What happens between 40 and 60 that takes us from lusty innuendo to rhyming couplets? More to the point: how much sex are people in their 60s actually having – and how do men and women see it differently?
The numbers don’t lie (but they do surprise)
Let’s get one thing straight: sex doesn’t vanish at 60. Research from the English Longitudinal Study of Ageing and other large surveys shows that most men (around 80–85 per cent) and a majority of women (around 60 per cent) in their 60s are still sexually active. But activity levels fall compared with earlier decades.
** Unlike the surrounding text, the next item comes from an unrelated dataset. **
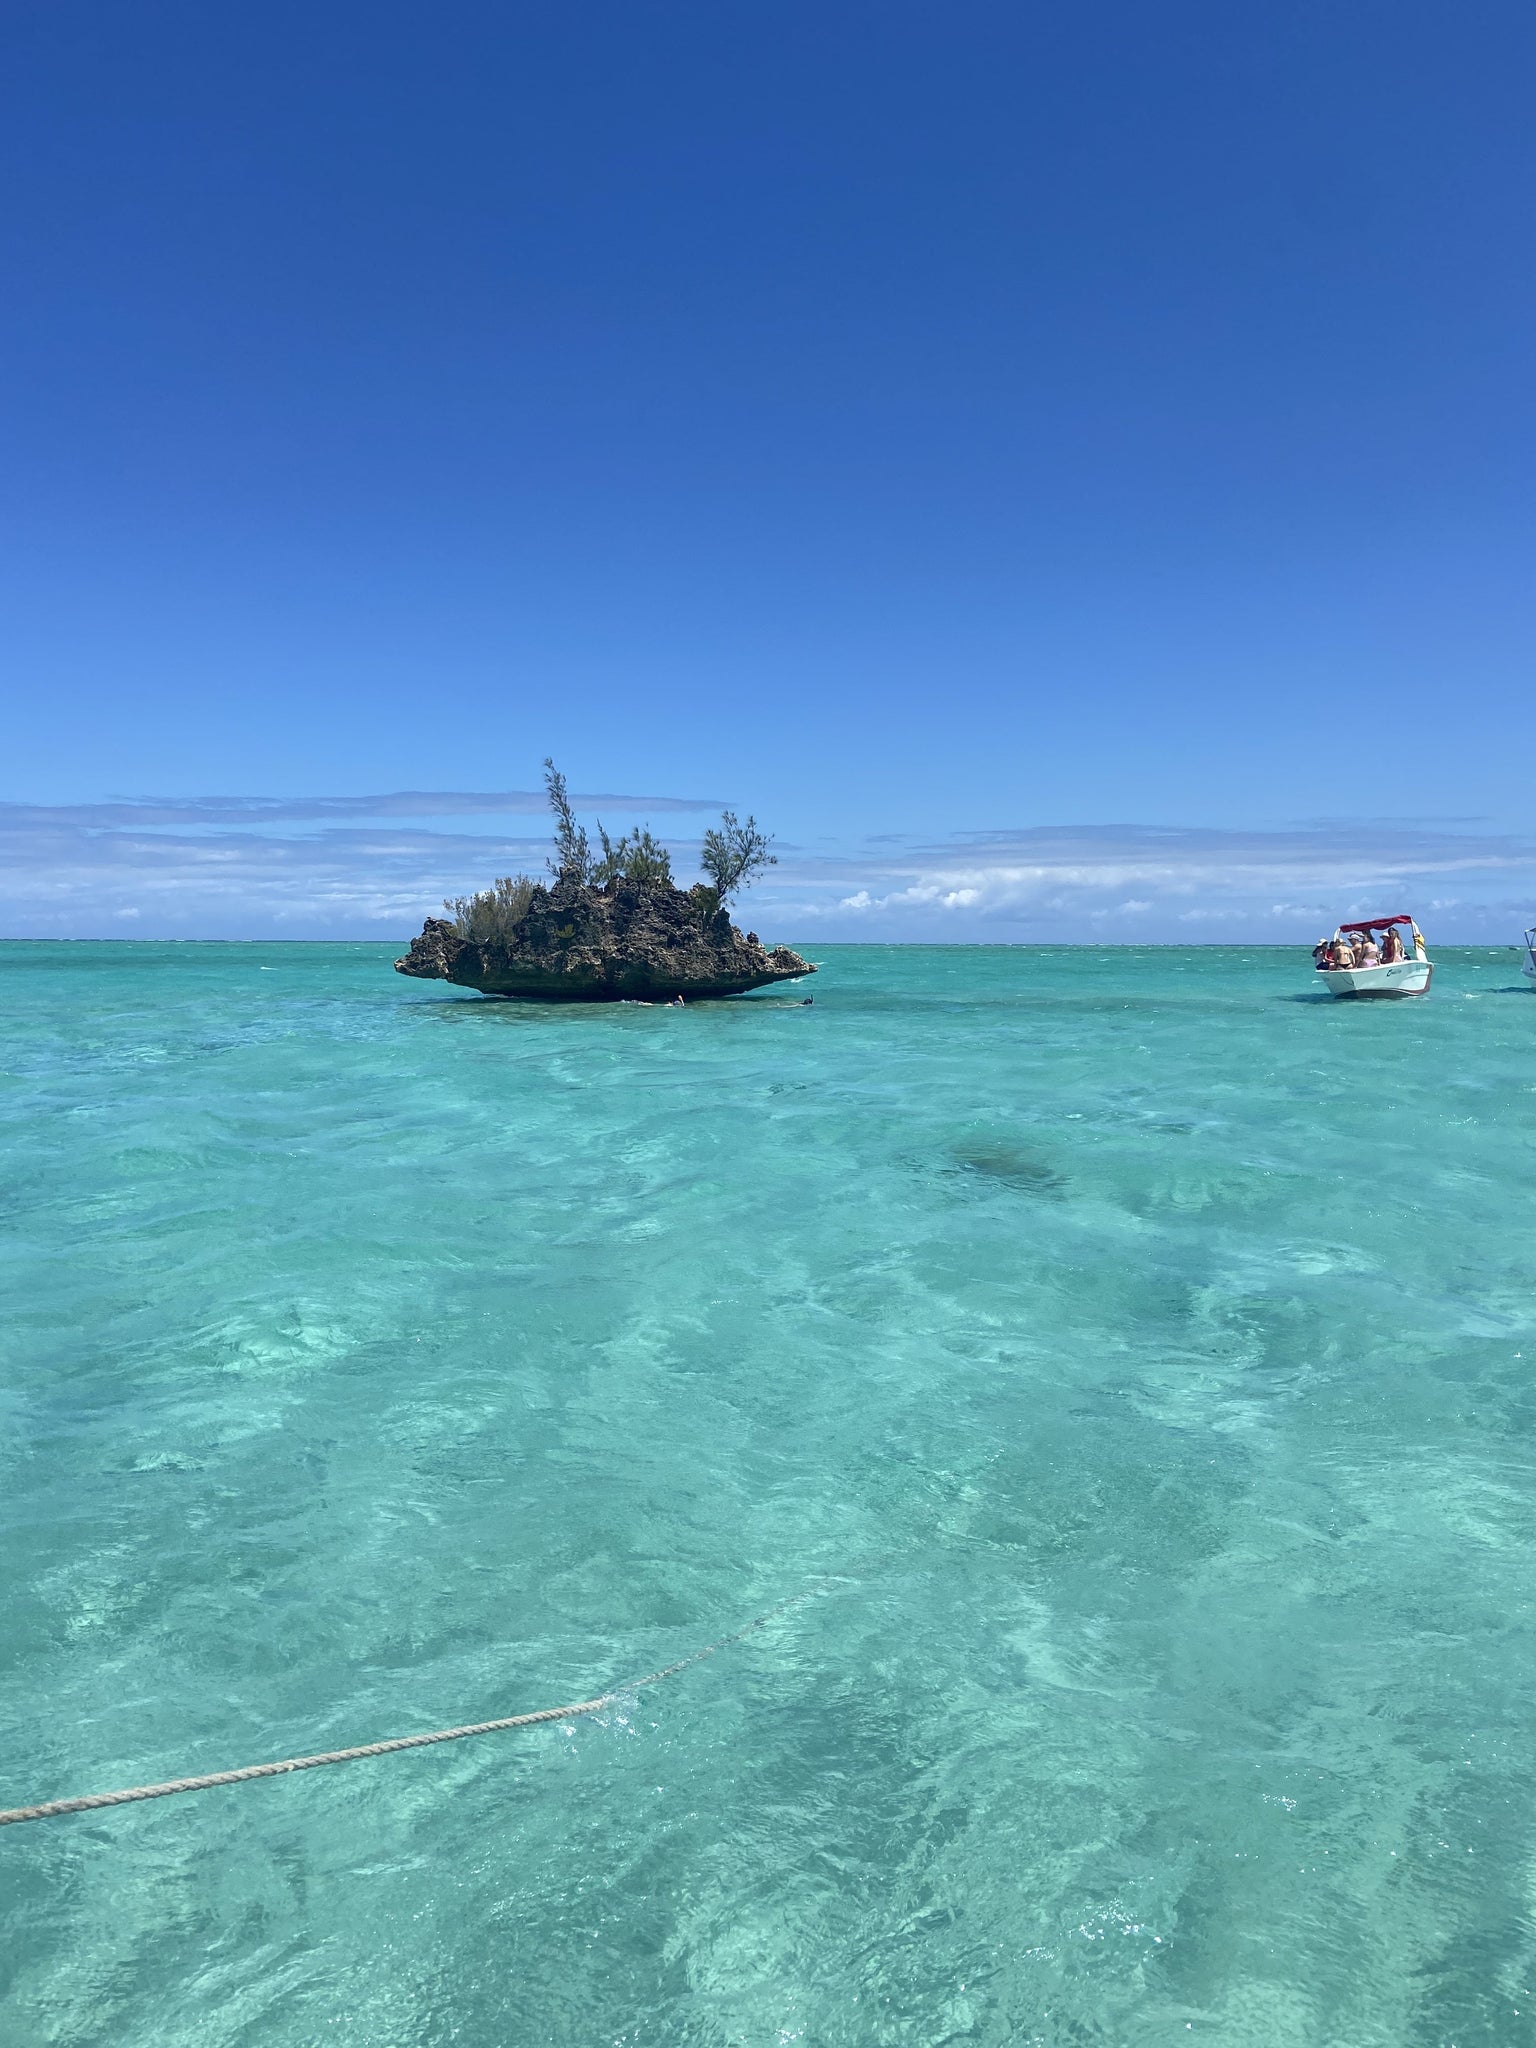 Guided boat tour in Mauritius with beautiful coral reefs

Among those who are active, the frequency is usually 1-4 times per month – hardly the Hollywood image of twice-a-day passion, but more than the stereotype of abstinence. And here’s the gender twist: studies show that men are more likely to report wanting more sex than they’re having, while women are more likely to report that they’re quite content with less.
His take (63)
When I turned 60, I expected to be put out to pasture, at least if you believe the clichés. Yet I still think about sex most days, and if it were up to me, I’d be aiming for once a week, minimum. The research actually makes me feel better: knowing that a quarter of people in their 60s are still having sex weekly or more puts me on the right side of the bell curve.
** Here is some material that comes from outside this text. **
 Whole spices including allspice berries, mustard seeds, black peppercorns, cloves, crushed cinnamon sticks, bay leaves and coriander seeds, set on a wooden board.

But the frustration is real. For men, desire often stays strong while energy, joints and (let’s be honest) erections don’t always cooperate. That mismatch can be maddening.
Her take (65)
I’ll be blunt: by the time you hit your mid-60s, sex isn’t always top of the to-do list. Hormones shift, health niggles creep in, and sometimes you’re simply tired. The research shows women are more likely than men to step away from sex after 60 – not necessarily because we don’t enjoy it, but because the drive is softer.
And here’s the thing many women don’t say out loud: intimacy matters more. Cuddles, touch, feeling close – that can be just as satisfying as a full-blown session under the doona. For me, the poetry my old colleague writes might not be about sex, but it’s about connection, and that resonates.
The bigger picture
So, is sex in your 60s about numbers or about meaning? The stats tell us the average is a few times a month if you’re active, less if you’re not. Men tend to want more, women tend to want less, and somewhere in the middle we negotiate, laugh, or sometimes sulk.
But what the surveys don’t capture is how sex evolves. For many, the 60s are a time when desire, though quieter, is steadier. When performance matters less than intimacy. When, if you’re lucky, you can both want the same thing – even if it’s just holding hands in bed while you drift off.
And perhaps that’s the secret. Not the frequency, but the freedom to admit that sex can change shape – from lust to laughter, from friction to poetry – and still matter deeply.